Saturday, November 13, 2021

PWV Advent Workshop Heb. 10:5-10 (4th Sunday)

 We are moving to the conclusion of a long discussion of priesthood and sacrifice in Hebrews. Keep in mind that the letter is an exhortation for the tired people to find the endurance to keep on going. Jesus can be seen as a decisive divine move for reconciliation. Sacrifice was a system of bridging the human and divine (think thanks and well being offerings). God moves toward something that need not be repeated. OUr passage starts with the words of Ps. 40 as if Jesus were speaking them. 


Peeler (Working Preacher)  “eisercomai” could indicate then the cause of his speaking: “he says these things because he is entering God’s sinful world so that members of that world can enter God’s restful sanctuary or sanctified rest.”
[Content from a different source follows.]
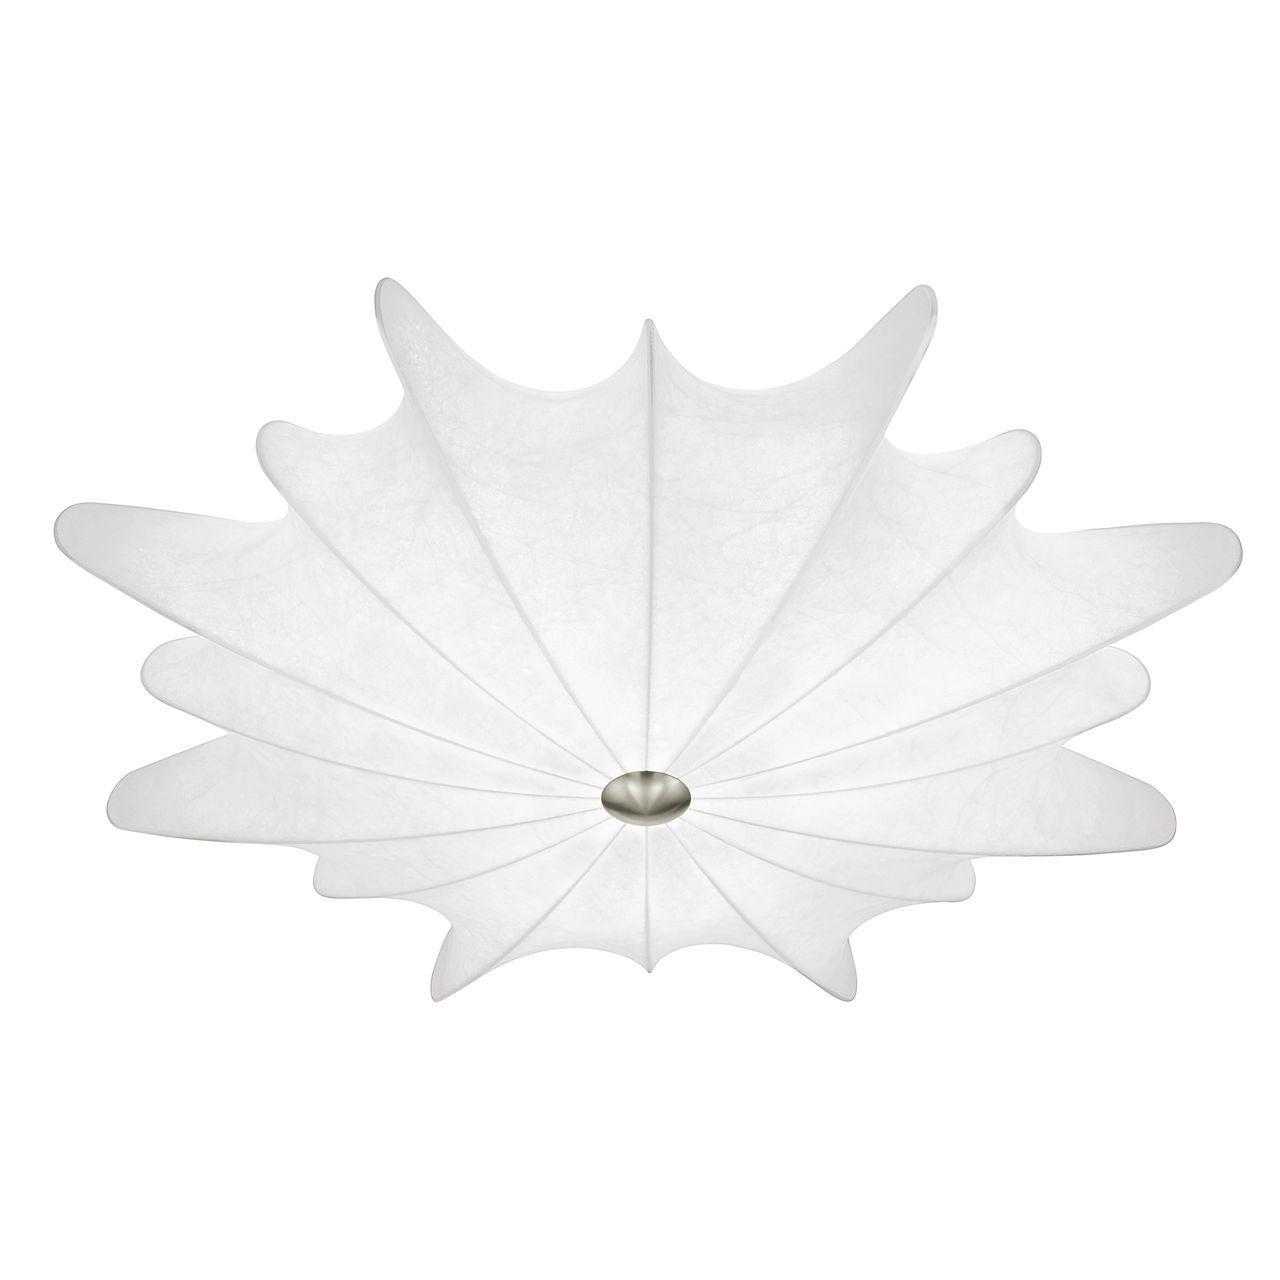 Купить Потолочный светильник Eglo Calandra в интернет магазине дизайнерской мебели и аксессуаров для дома и дачи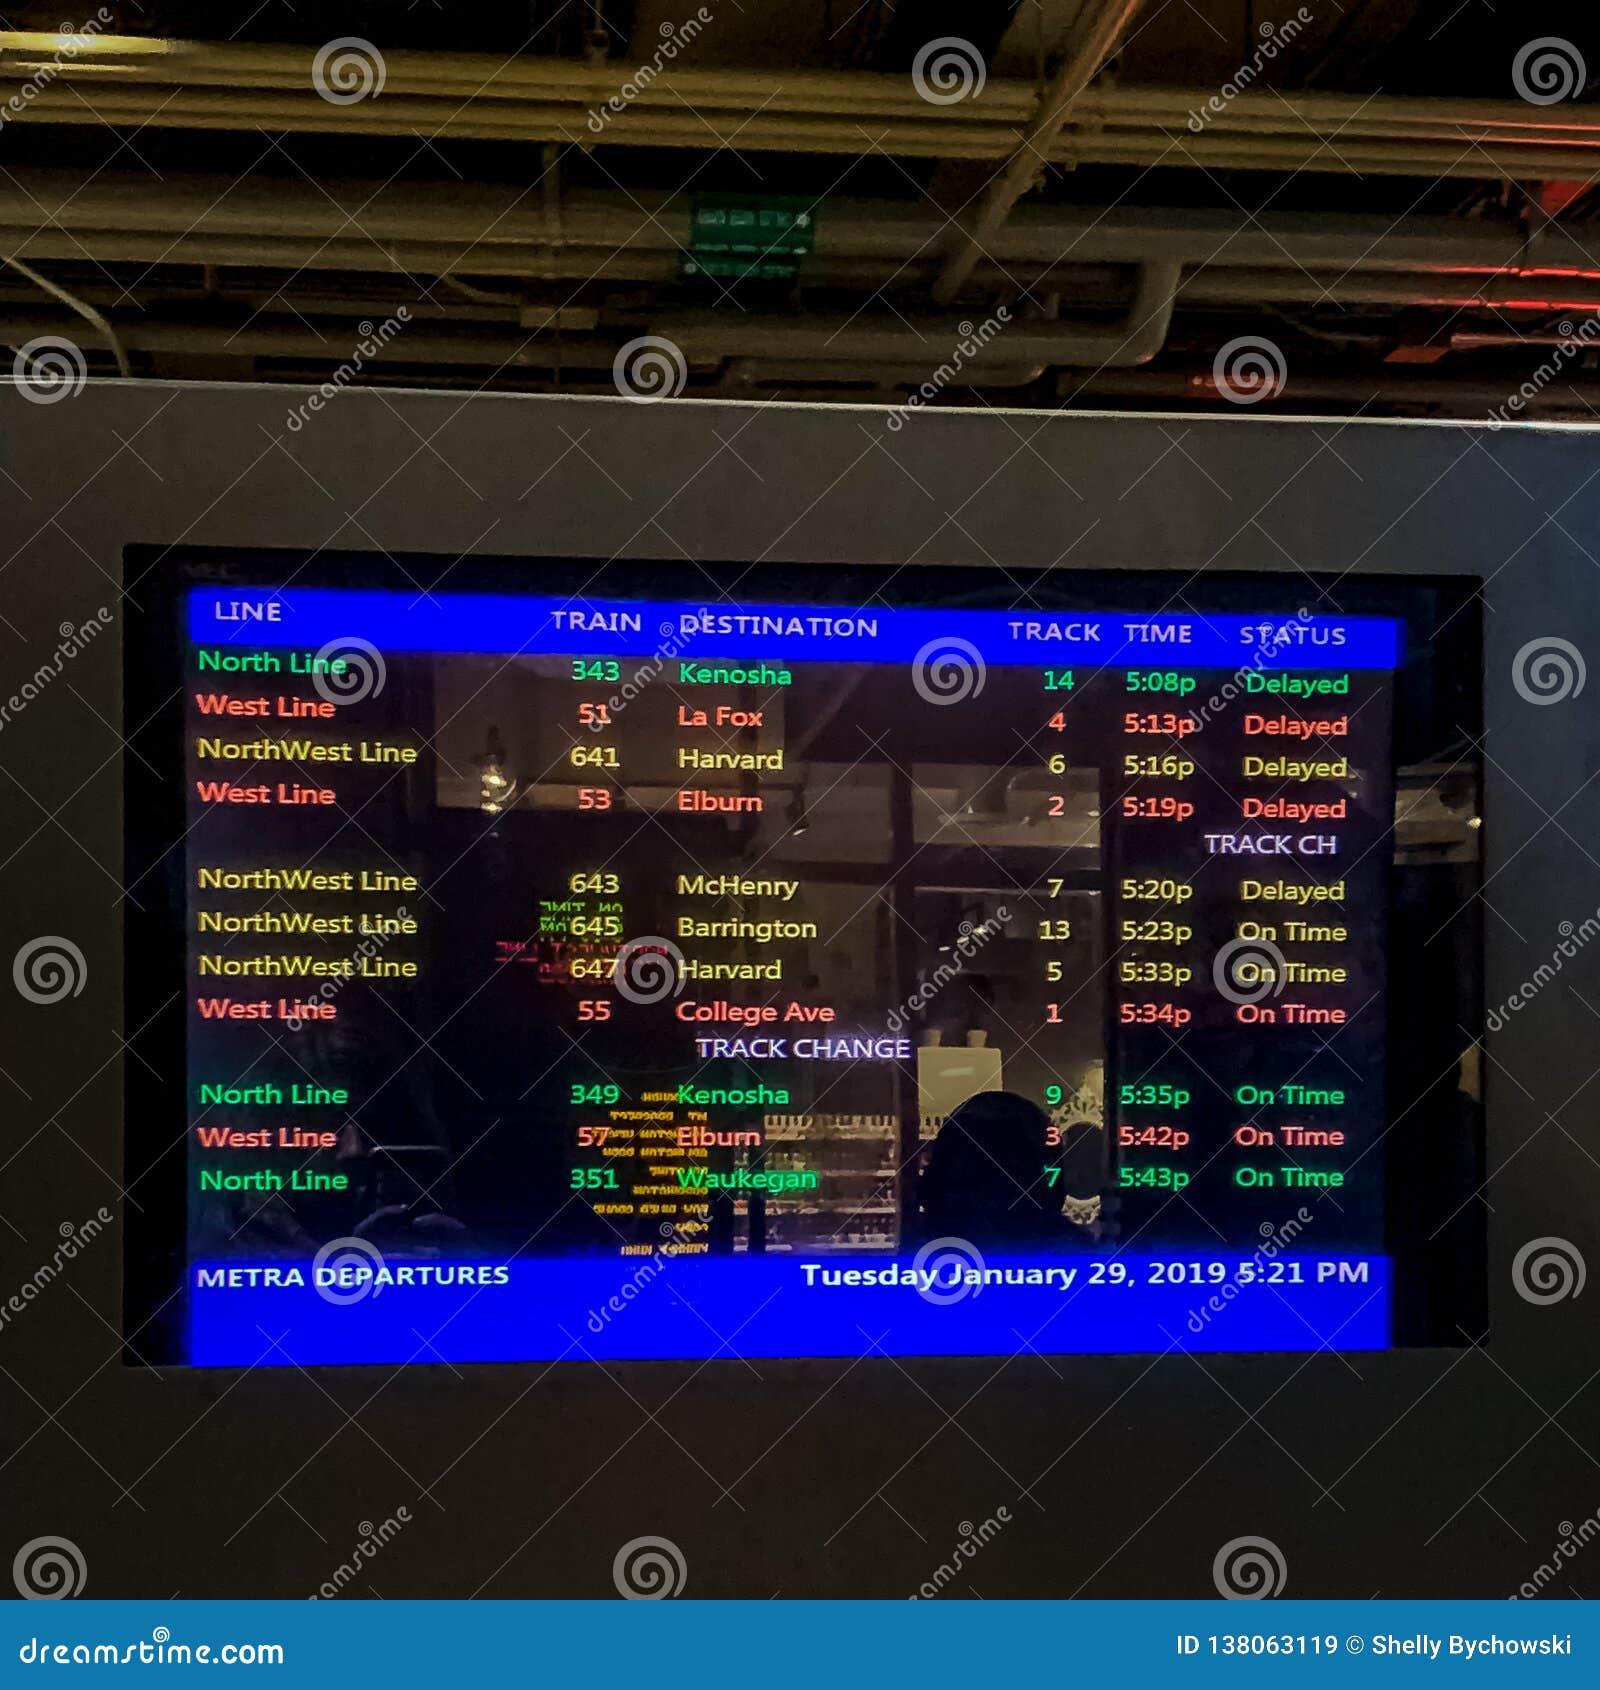 Notificaciones de la vía de Metra con respecto a los trenes retrasados en Chicago

The participle could also be an indicator of time. As a present participle, it would show that he is making this speech as he is entering the world. — His entrance into the world is the will of God that Jesus came to enact. “By God’s will we are sanctified through the offering of the body of Jesus the Messiah once for all” (10:10).  God’s will, then, is the Son’s embodiment. The will of God is that God the Son take on a body, offer that body. In so doing, he brought the foreshadowing of offerings to an end and he began the process of reconciliation and built a bridge between the two realms and the two ages. . God’s command to offer the bodies of animals foreshadowed the offering of the human body of God.


V. 9-anaireó compound word (ana +haireó) “to take away,” “to abolish,” or “to claim (for oneself), to remove.”  ana can signify “up” or “up to.” I dislike supersessionism, so let’s say Jesus works in a different key or dimension or phase, or that it is parallel to the system/structure   of the temple in a alternative mode of being a priest, indeed a new high priest. Jesus embodies the function of the offering system into his very being and work.


Psalm 40:608- note what has been rendered here as “a body you have prepared for me”, in distinction to  a literal translation of the Hebrew text , “you dug ears for me”--I like with as the Hebrew emohaisze hearing as in the shema, to keep and observe, but the LXX opens the door to the entirety of the life of Christ.Jesus lived his entire life as an offering of faithful obedience to God. God’s will is seen in the embodied life of Jesus, in his flesh and blood life. So either translation would work.John Van Nuys likes Placjer's use of Calvin's full measure of obeidence as referrign to the entire life, and that would work well here.


This passage then allows us to explore the meaning of the Incarnation. At a basic level, how does the Incarnation touch on the meaning of Emmanuel, God with us?


I wonder if the temple had long been destroyed when this was written.As the rabbi struggled to reconstitute the faith, as in settling the Hebrew Bible, Hebrews is speaking to the same issue, but through the lens of Jesus Christ as a different way of coming at some of the religious issues the destruction of the temple would create.